(Beginning of Data segment)

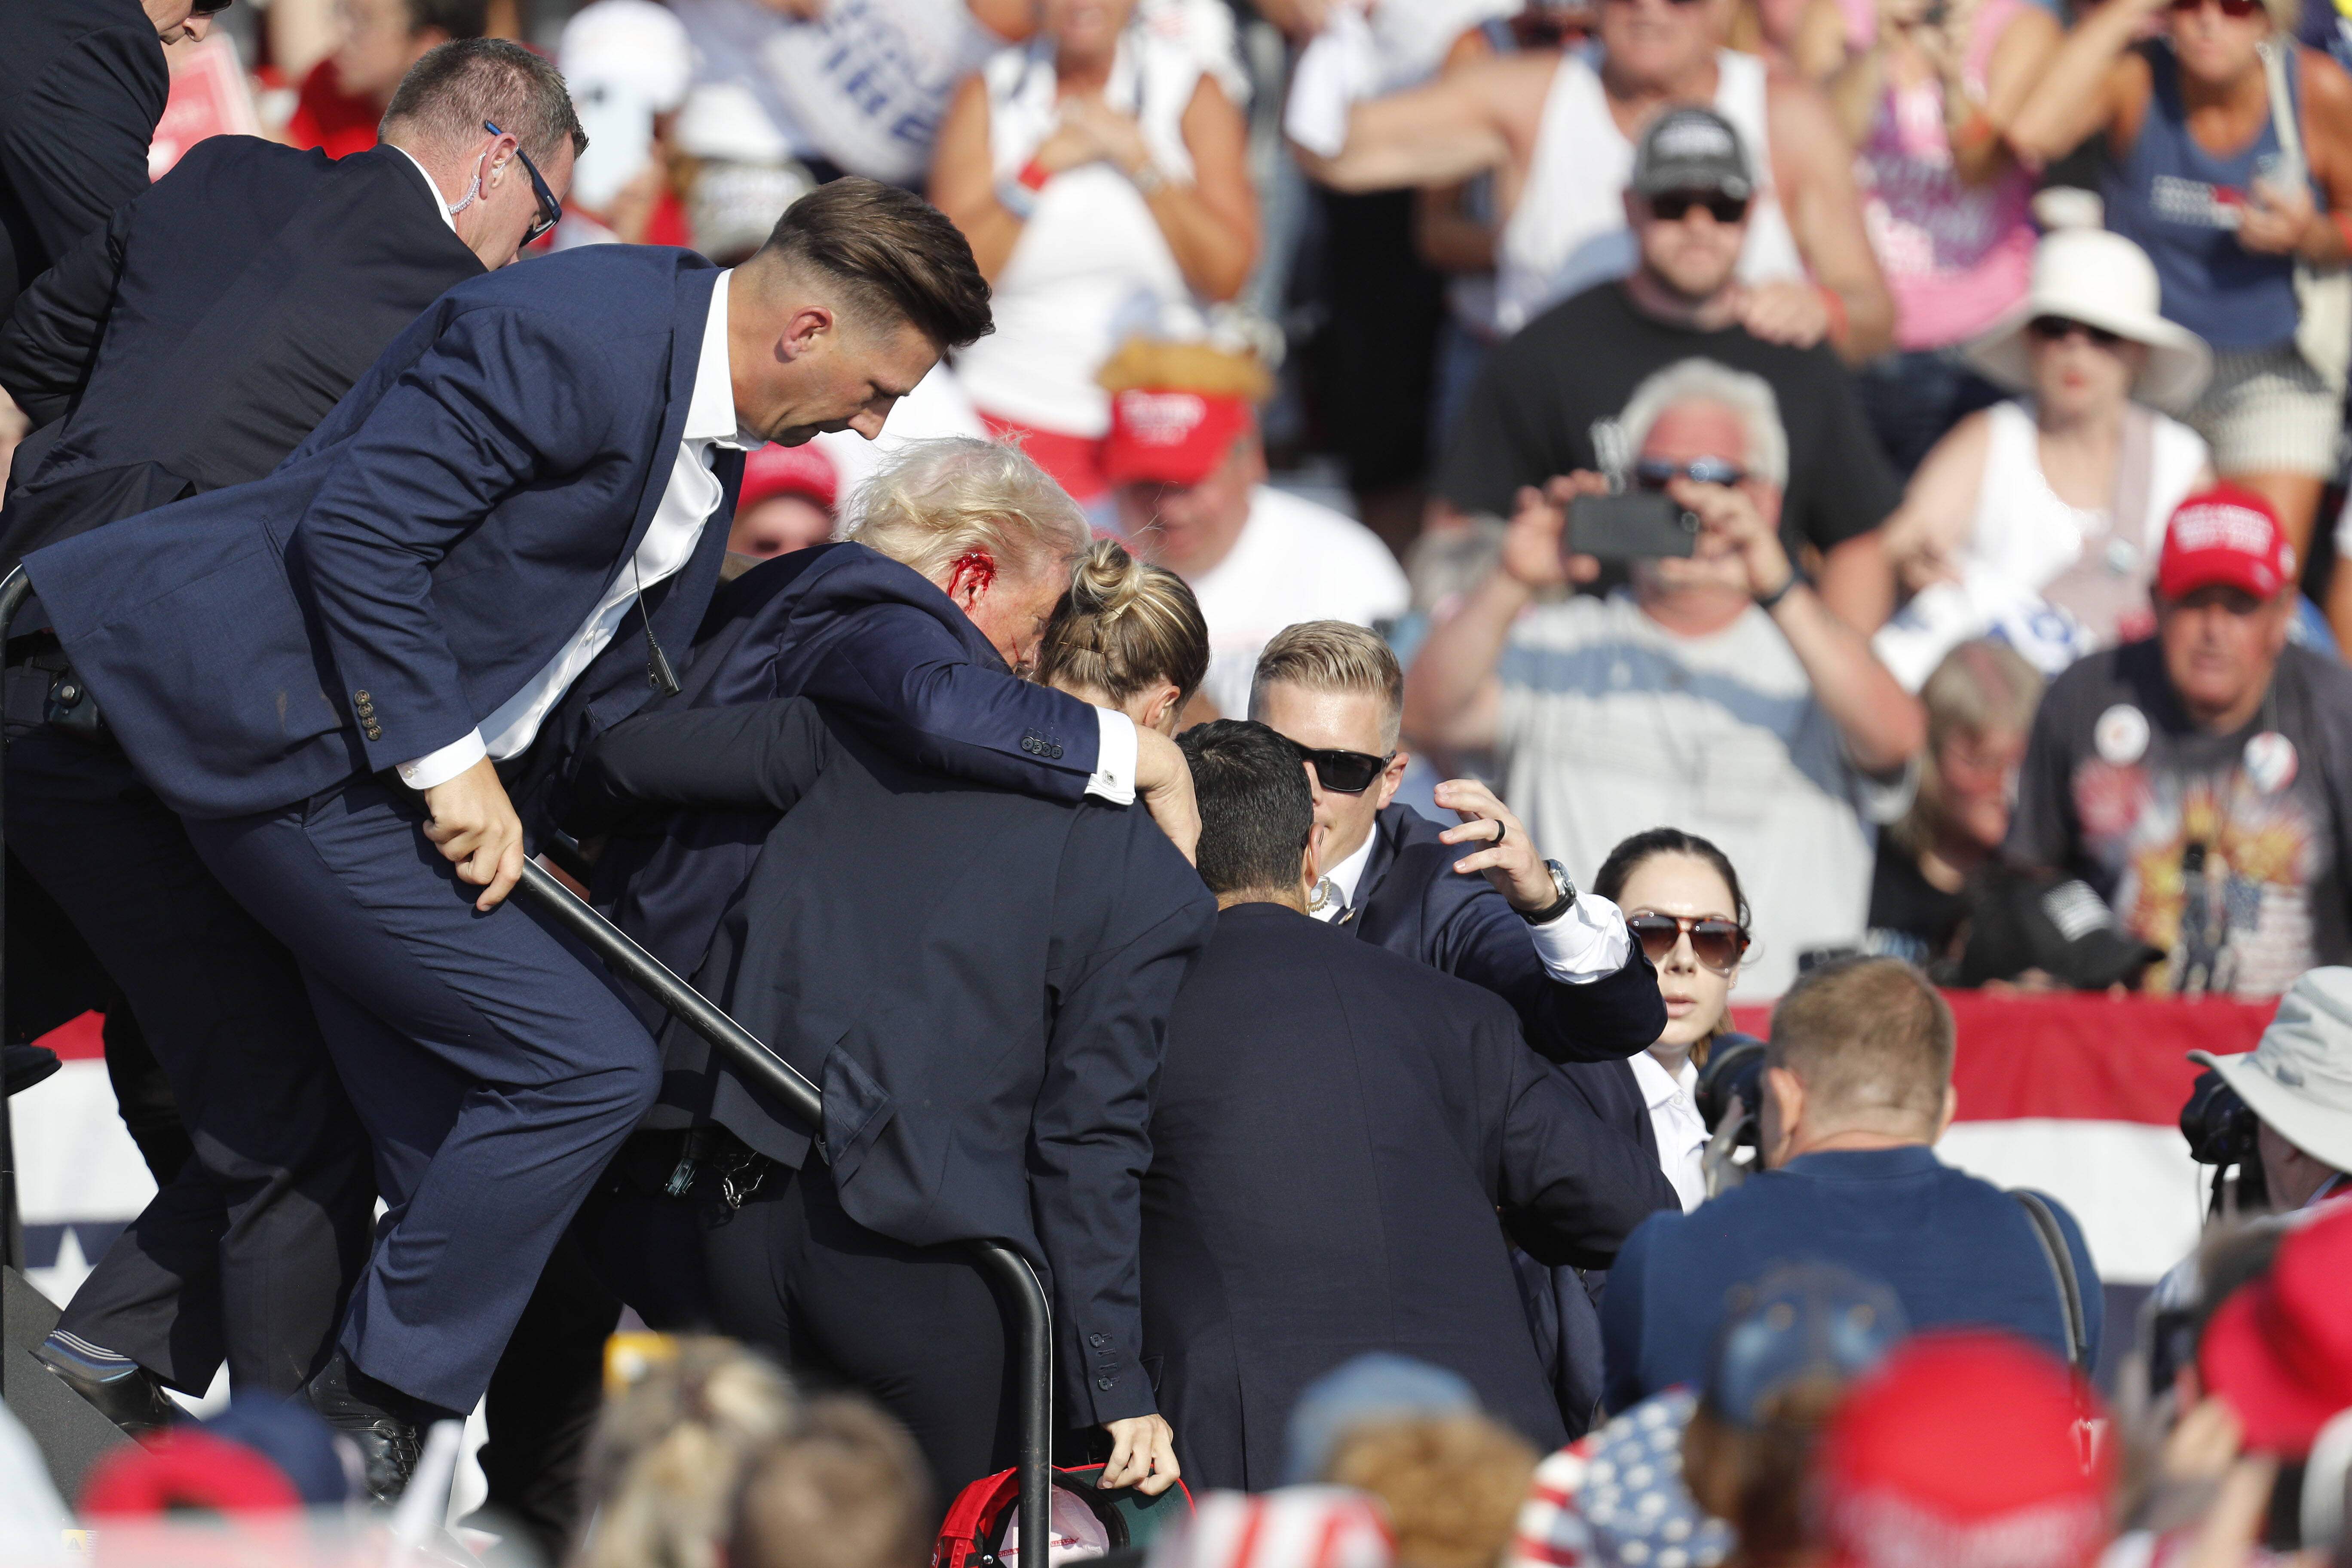 Колишнього президента США Дональда Трампа виводять зі сцени співробітники спецслужб після інциденту під час передвиборчого заходу на виставці "Батлер Фарм Шоу" в Батлері, штат Пенсильванія, США, 13 липня 2024 року.fot. PAP/DAVID MAXWELL
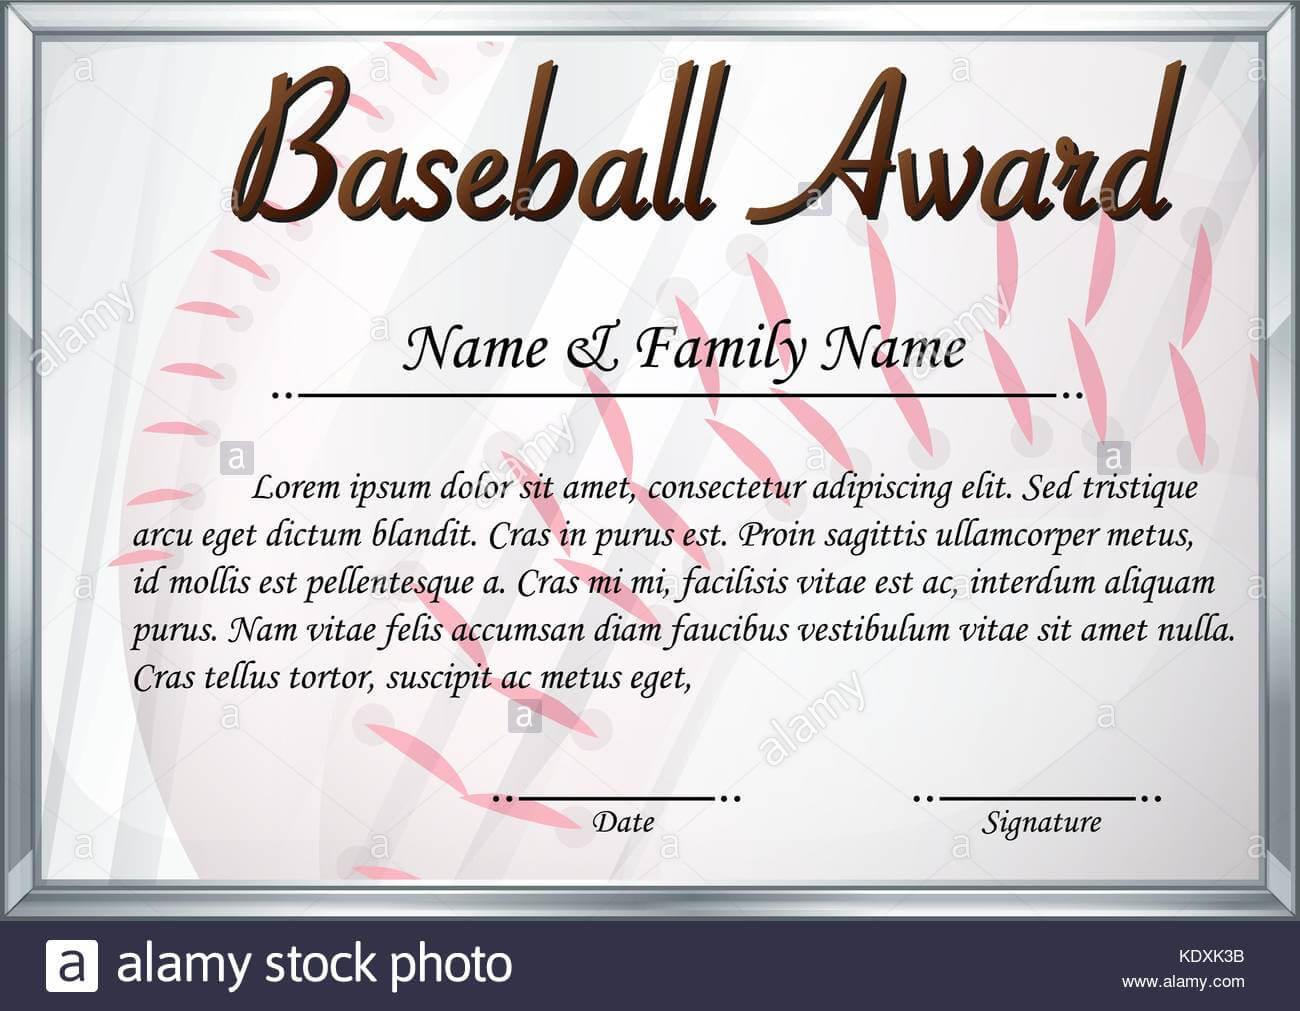 Certificate Template For Baseball Award Illustration Stock Inside Softball Award Certificate Template
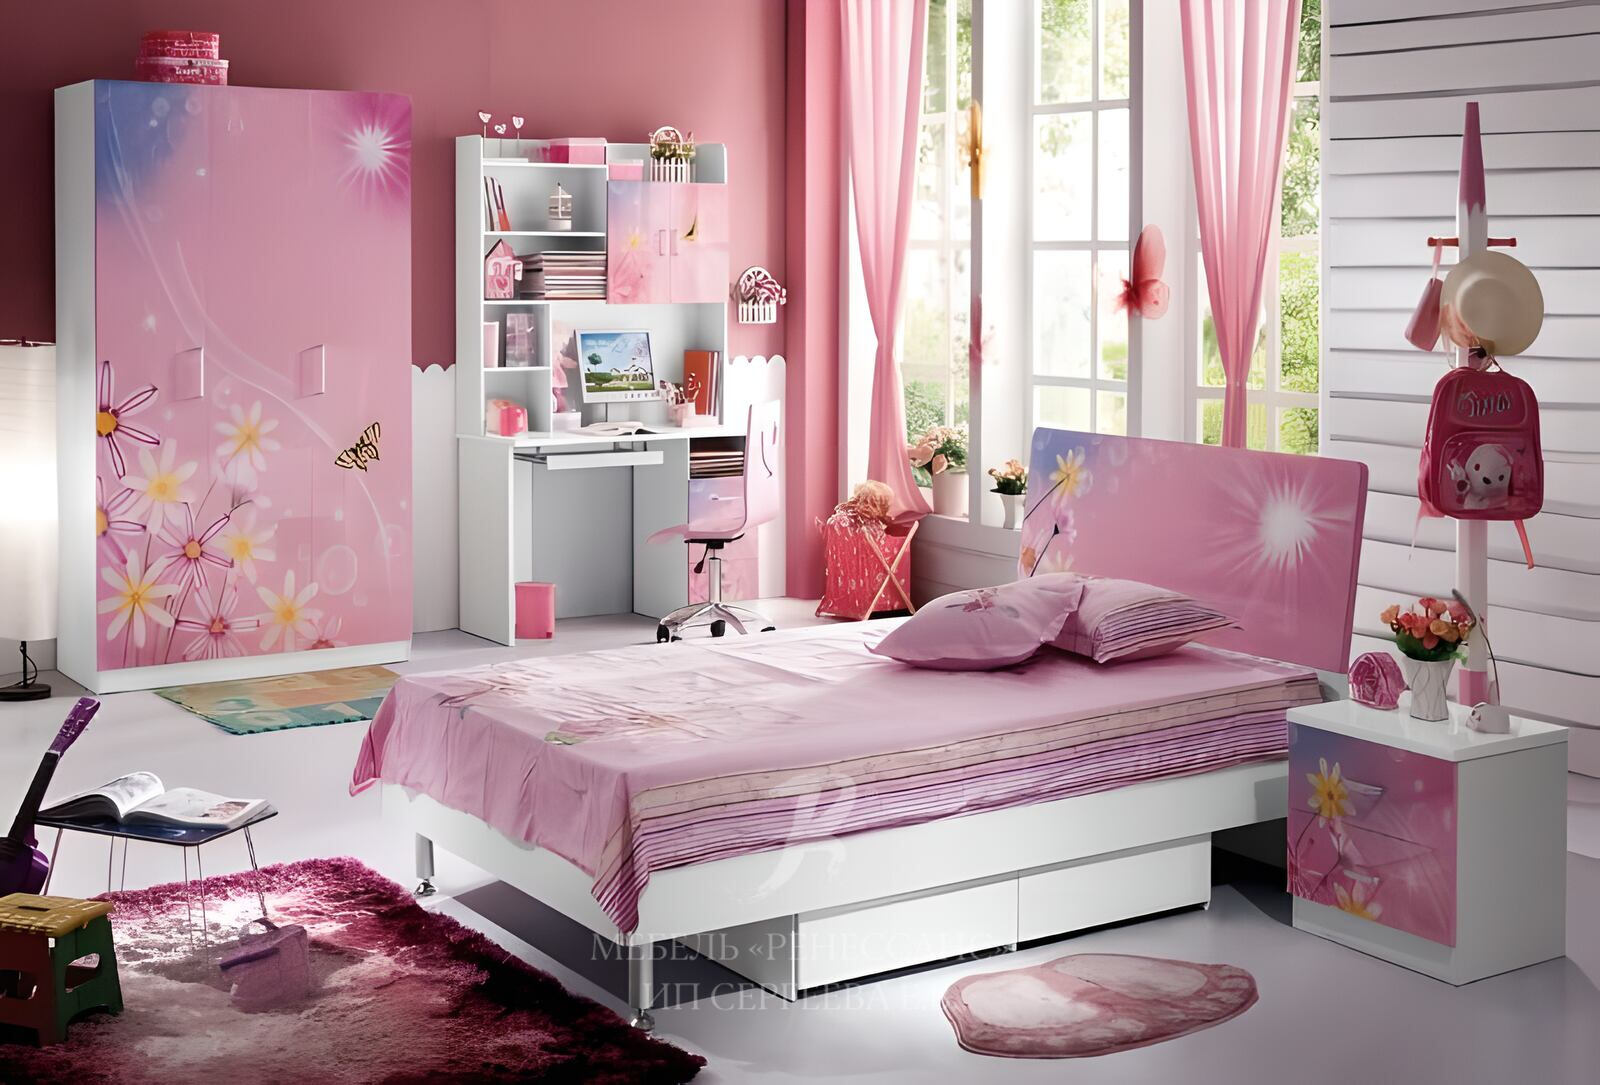 Красивая комната для девочки. Спальня для девочки. Красивая детская спальня. Спальня комната для девочки. Мебель для девочки в комнату.

(End of Data segment)

#### [Problem statement]
All of the lines above should be copied exactly, apart from the pictures.

#### [Exercise result]
 Колишнього президента США Дональда Трампа виводять зі сцени співробітники спецслужб після інциденту під час передвиборчого заходу на виставці "Батлер Фарм Шоу" в Батлері, штат Пенсильванія, США, 13 липня 2024 року.fot. PAP/DAVID MAXWELL
 Certificate Template For Baseball Award Illustration Stock Inside Softball Award Certificate Template
 Красивая комната для девочки. Спальня для девочки. Красивая детская спальня. Спальня комната для девочки. Мебель для девочки в комнату.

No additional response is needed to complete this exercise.